A teacher of mine once suggested to me, not to put too fine a point on it, that 'insight, without action, is bullshit!' This would have been one of those moments when I had become firmly mired in my head -- unable, in his often inspired view, to translate all those tantalizingly tempting thoughts into experience of any kind. Thinking had pushed feeling well into background. He could have just as easily reversed the comment: acting, without awareness is . . . well you know the rest.
A breakfast table conversation recently had expanded -- as they often do -- to include chat about the 'active ingredients' in all manner of psychological interventions. My wife had encountered some material on attention deficit 'treatments' that seemed to be directed at the neurological bases of same. And had commented that, along with the usual medications, a whole whack of different kinds of therapies were being considered, including cognitive behavioral strategies (so much in vogue currently) and some mindfulness training as well. And it started me thinking . . . As I mulled over the sundry 'stripes' that therapies seemed to boast as 'unique' approaches to treating equally diverse issues, it occurred to me that many (dare I say, most) shared a key element: presence.
While it may seem like a statement of the obvious, if one isn't fully engaged, present and accounted for, no intervention is going to be very effective. Take for example the aforementioned treat of the week (or month. . . or decade), CBT (aka cognitive behavioral therapy). This is a now half-century old -- and very useful, I might add -- method of helpfully modifying the 'way people think'. Primarily directed at 'distorted styles of thinking' (personalizing, polarizing, catastrophizing, over-generalizing, filtering, etc.), the protocol is to divide one's process into a series of progressive steps -- often called the columnar method. Identify the trigger event, situation. Label the mood or feeling(s) attached to that situation. Highlight the 'hot thoughts' -- these being the 'faulty conclusions' that tend to derail us. Catalogue the 'evidence' for and against these (often flawed) conclusions. Then finally, on the strength of this 'balance sheet', formulate a more 'balanced experience' of said situation.
Each progressive stage of this protocol requires that we fully and dispassionately (non-judgmentally) examine the 'column' that we presently occupy (be it situation, feeling, thought, or behavior). And secondly, most importantly, resist the compulsion to 'jump to conclusions' (another example of distorted thinking, btw), getting ahead of ourselves. For this process to 'work', the sine quo non (the 'without which there is nothing') is awareness, mindfulness.

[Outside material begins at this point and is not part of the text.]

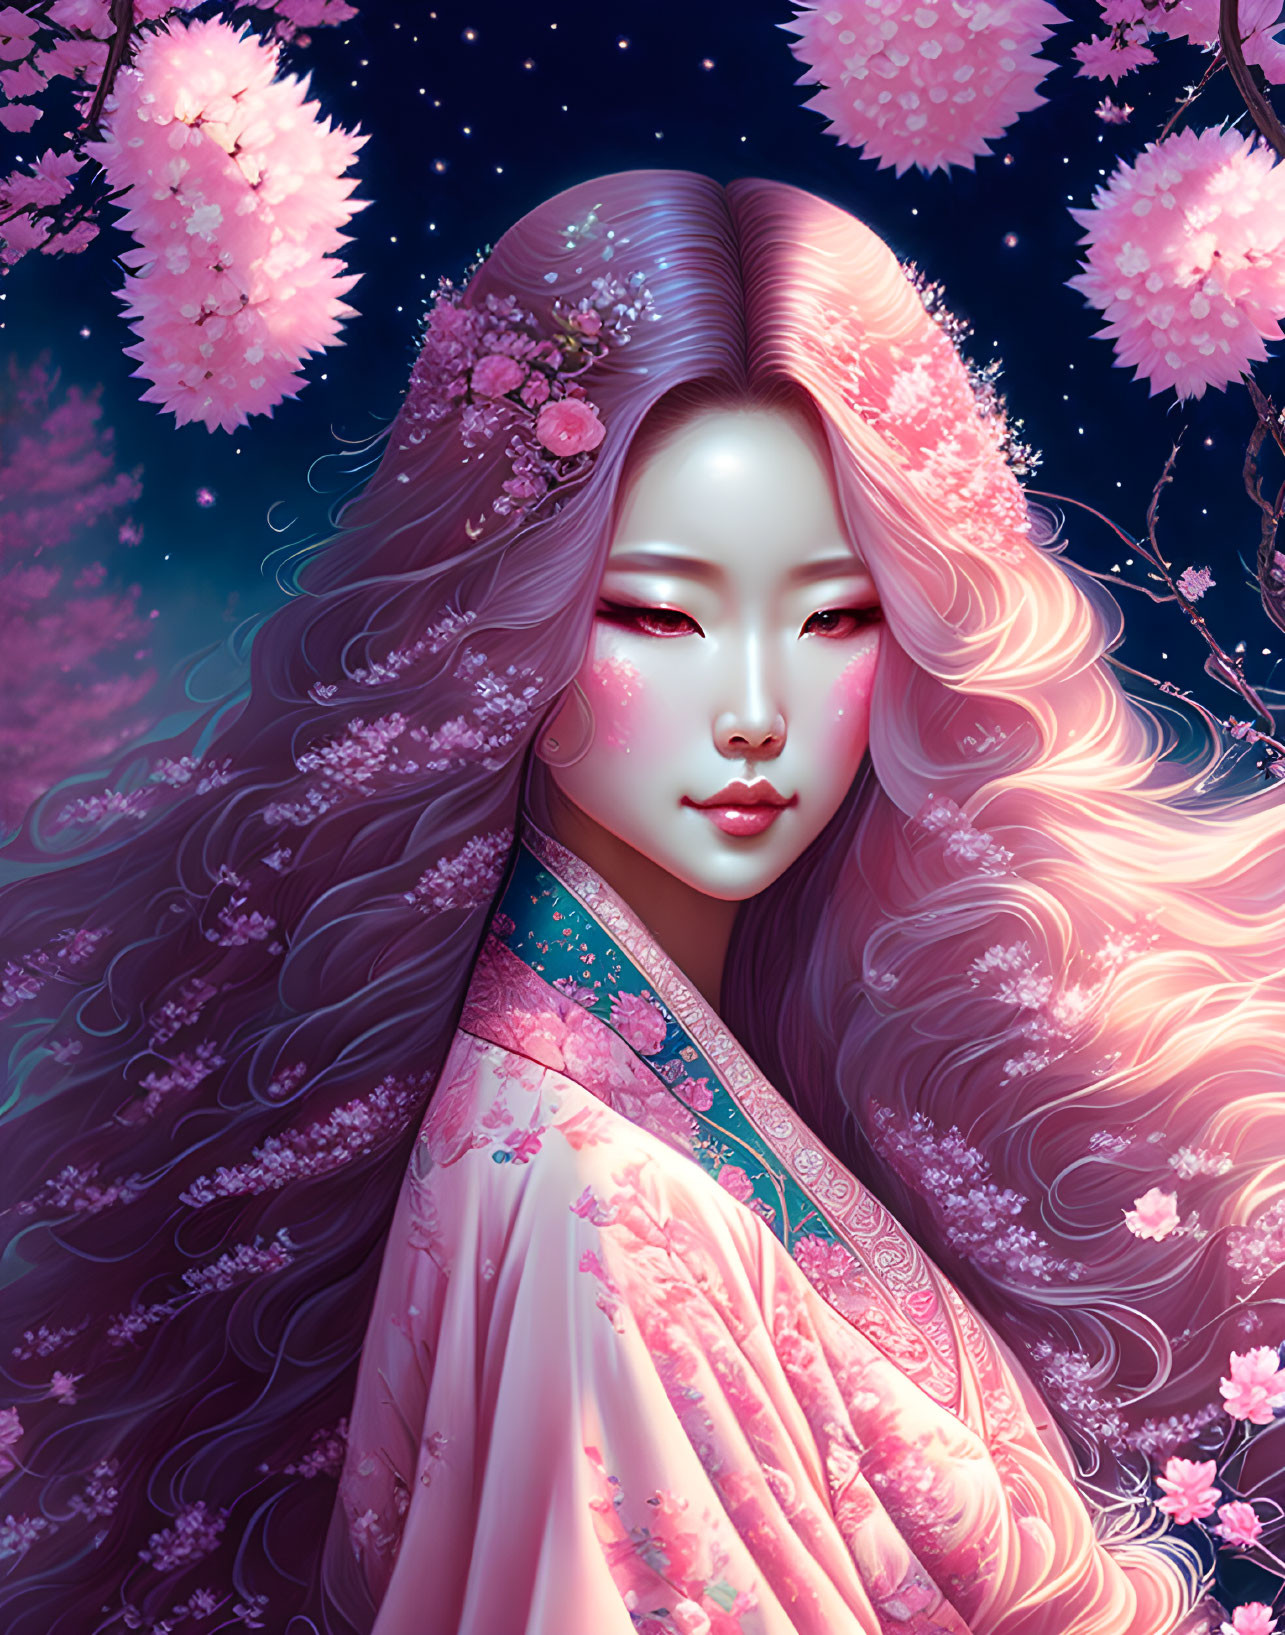 Woman with Long Flowing Hair Surrounded by Cherry Blossoms and Starry Night Sky

My wife pulled me back with a very useful analogy. 'All well and good -- but you still have to do something with all that wonderful awareness'. The metaphor is that of driving down the highway in a nice, new, and electronically sophisticated car. Long before the zoned-out human occupants of said car tune into an impending flat tire, the on-board computer has detected a subtle decrease in pressure and illuminated the appropriate warning light for us to consider. That would be awareness. And that would also be the point at which myriad extraneous thoughts, choices, conclusions kick in for the human operator -- and take us away from the present moment. Is it raining (avoidance)? Could it be 'just a glitch' (denial)? Do I have time to have a flat tire? (Hmm) When did I last check to see if I even have a spare? (guilt, anxiety). And so the light continues to glow, the tire continues to deflate, and finally, grudgingly, we pull over, compelled to actually address the issue at hand.
My wife's point: we need team work. Awareness is a necessary -- but not sufficient -- condition for change, growth. Without it, we're left with the sense that 'we've been here before -- with the same old outcome'. Repeating the same old mistakes, stuck in the same old tapes; and not even knowing it. With it, we've created the necessary forum or platform for change. But we still have to pull over and change the tire.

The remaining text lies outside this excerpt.